August 21st, 2009
I used to be friends with a woman who asked me this all the time. And recently another friend of mine said to me, “You’d tell me if you thought I was getting fat, right?”
No. No I would not.
Discussing weight seems to be one of those social currencies that are divorced from their literal content, in much the same way “How are you today?” directed at strangers is. I’m not really asking how you are, I’m telling you I want to appear polite and friendly but not much more. I think that for many women, “Do you think I’m fat?” really means “Do you accept me and care about me?” And the correct answer is generally yes, yes I do care about you and accept you. But sometimes yes, you are also fat. But I can’t say that I think you’re fat because if I do so, what is really communicated is “I neither accept nor care about you.”
So it’s a dangerous question, as countless sitcoms about hapless husbands can attest. I don’t think we should take from this that women are manipulative or trying to trap the questionee; rather we should acknowledge that in our society it’s not okay to ask people if they care about us. Can you imagine approaching one of your friends and saying, “Hey, I could really use a check in on this – do you still have lots of warm, affectionate feelings about me?
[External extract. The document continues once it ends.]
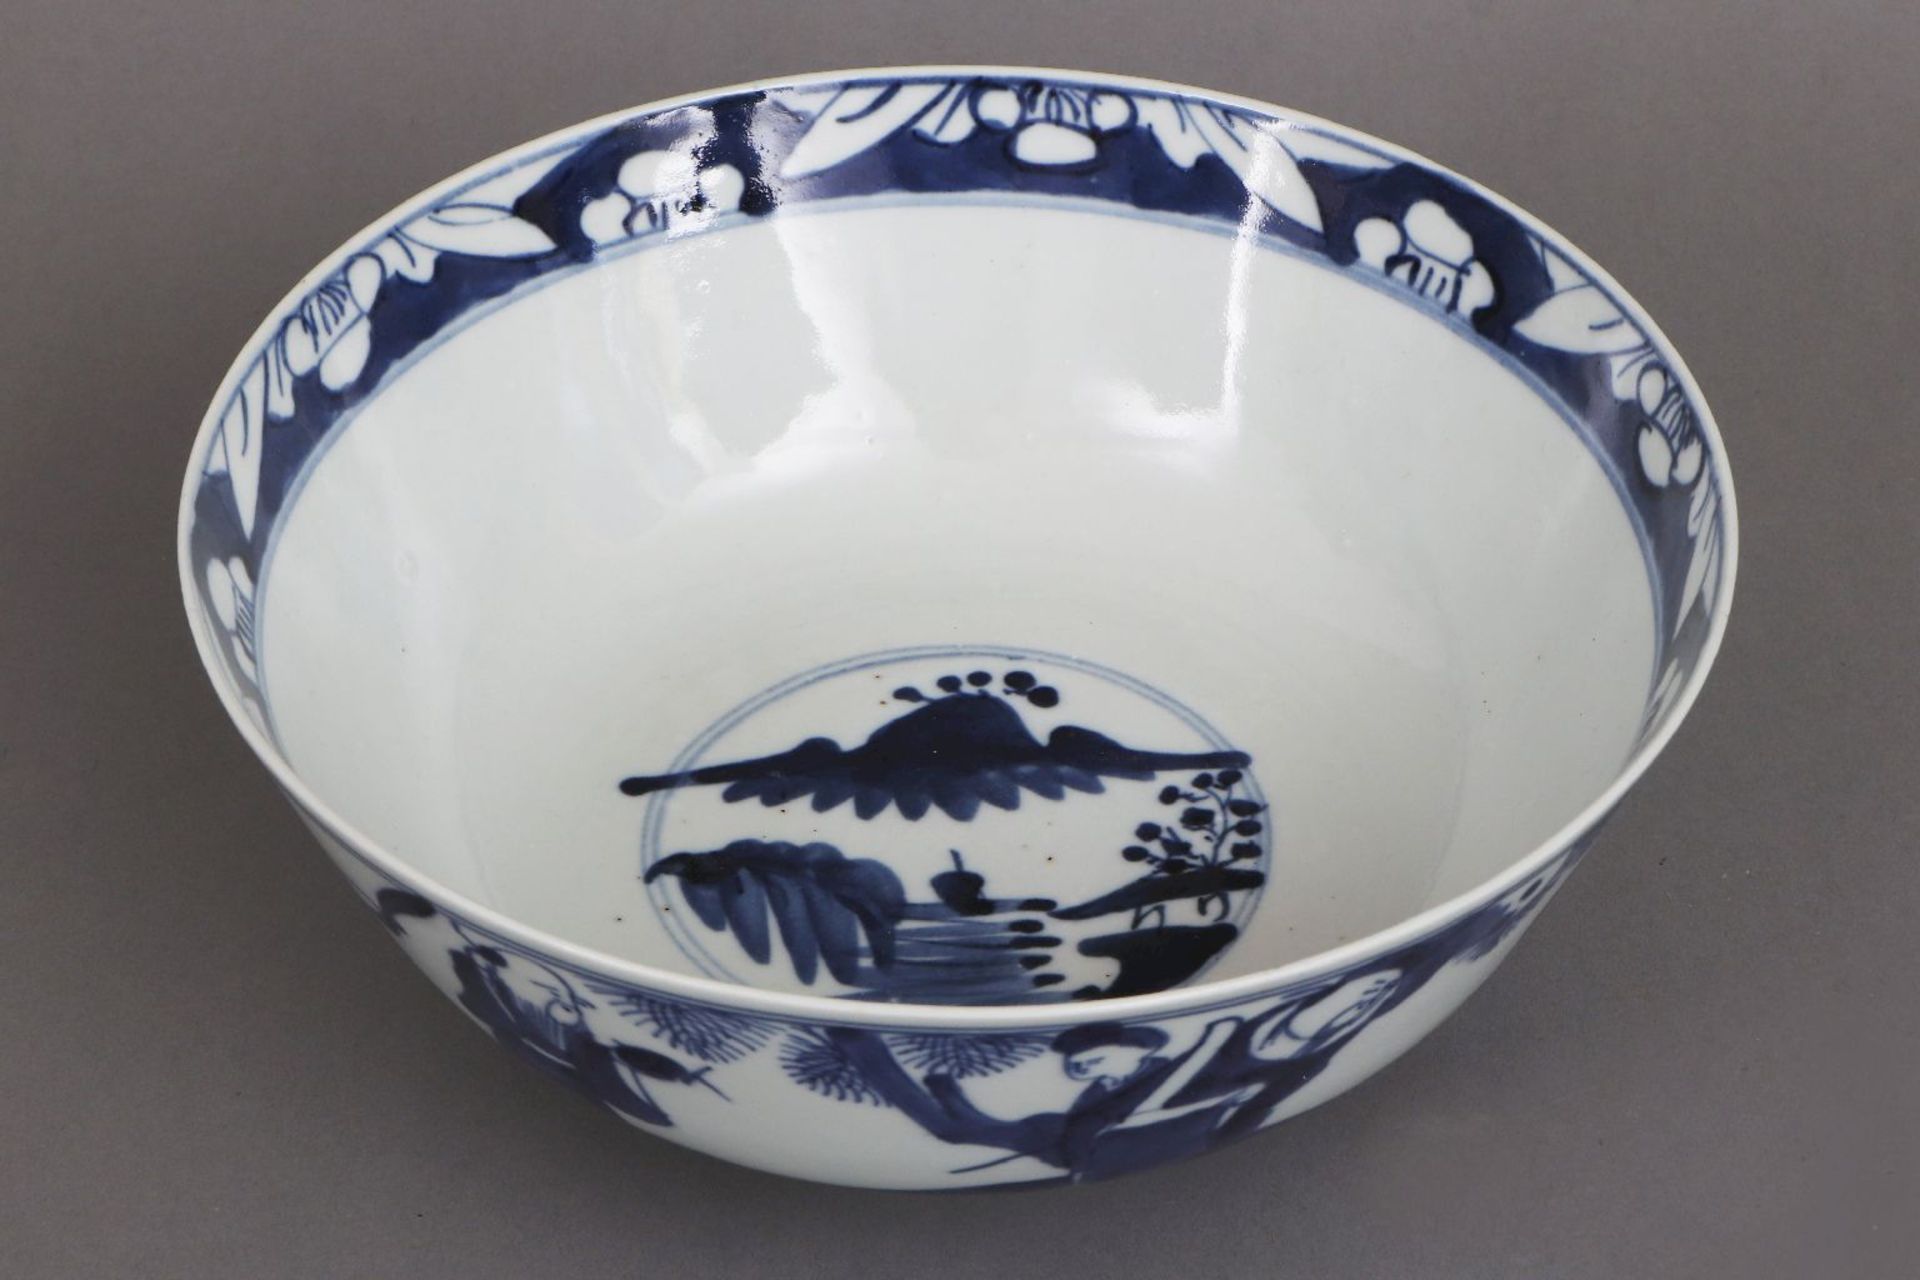 Chinesische Porzellanschale mit Blaumalerei im Stile Ming - Image 2 of 6

Are we still good friends?”
Until we’re allowed to do that, we’ll keep asking about our weight.
But of course it’s not a total divorce. Lots of people, men and women and me, worry about being fat and this is why I think The Fat Question is so anxiety provoking. Even if it’s mostly a check on caring and acceptance, it’s also got a measure of literal fat-worry mixed in. So when I say “No, you look great” meaning “I accept you,” I am simultaneously saying, if the friend is indeed fat, “I am lying to you.” Or if she’s not fat, “I’m not taking your worries seriously.” You cannot, in fact, win.
And again, this isn’t a trap. Consider that the anxious, conflicted uncertainty that the askee experiences is almost certainly the same feeling that the asker is enduring. The fat question is in this sense a form of anxiety currency exchange in which the parties struggle over who ends up holding the basket, or rather the anxiety. You are being asked to take the burden of the unpleasant feelings for your friend. The trick is in addressing the real concerns, caring and sometimes weight, without taking on the anxiety burden, which really is not yours.

Tell me if I get fat.
Especially in the face.
I have been meaning to say something to you about this…
I have mixed feelings about this. On the one hand, I would never ask this question. I know my weight and I know the healthy range of weight for women my height. These are objective criteria that I prefer to check myself against, rather than ask my friends. I can also tell when I gain weight by how my clothes fit, again, not something I need to ask my friends about.
However, if I do ask my friends something about my appearance, I expect to be told the truth. You do me no favors by lying to me to try and preserve my feelings and let me continue to look ridiculous. I’d rather know that my new haircut makes me look like a madwoman locked in the attic than walk around deluding myself that it looks great. If I didn’t want your honest opinion, I wouldn’t ask the question in the first place.
So long as no one is cruel about it, friends should be able to tell each other the truth without damaging the friendship.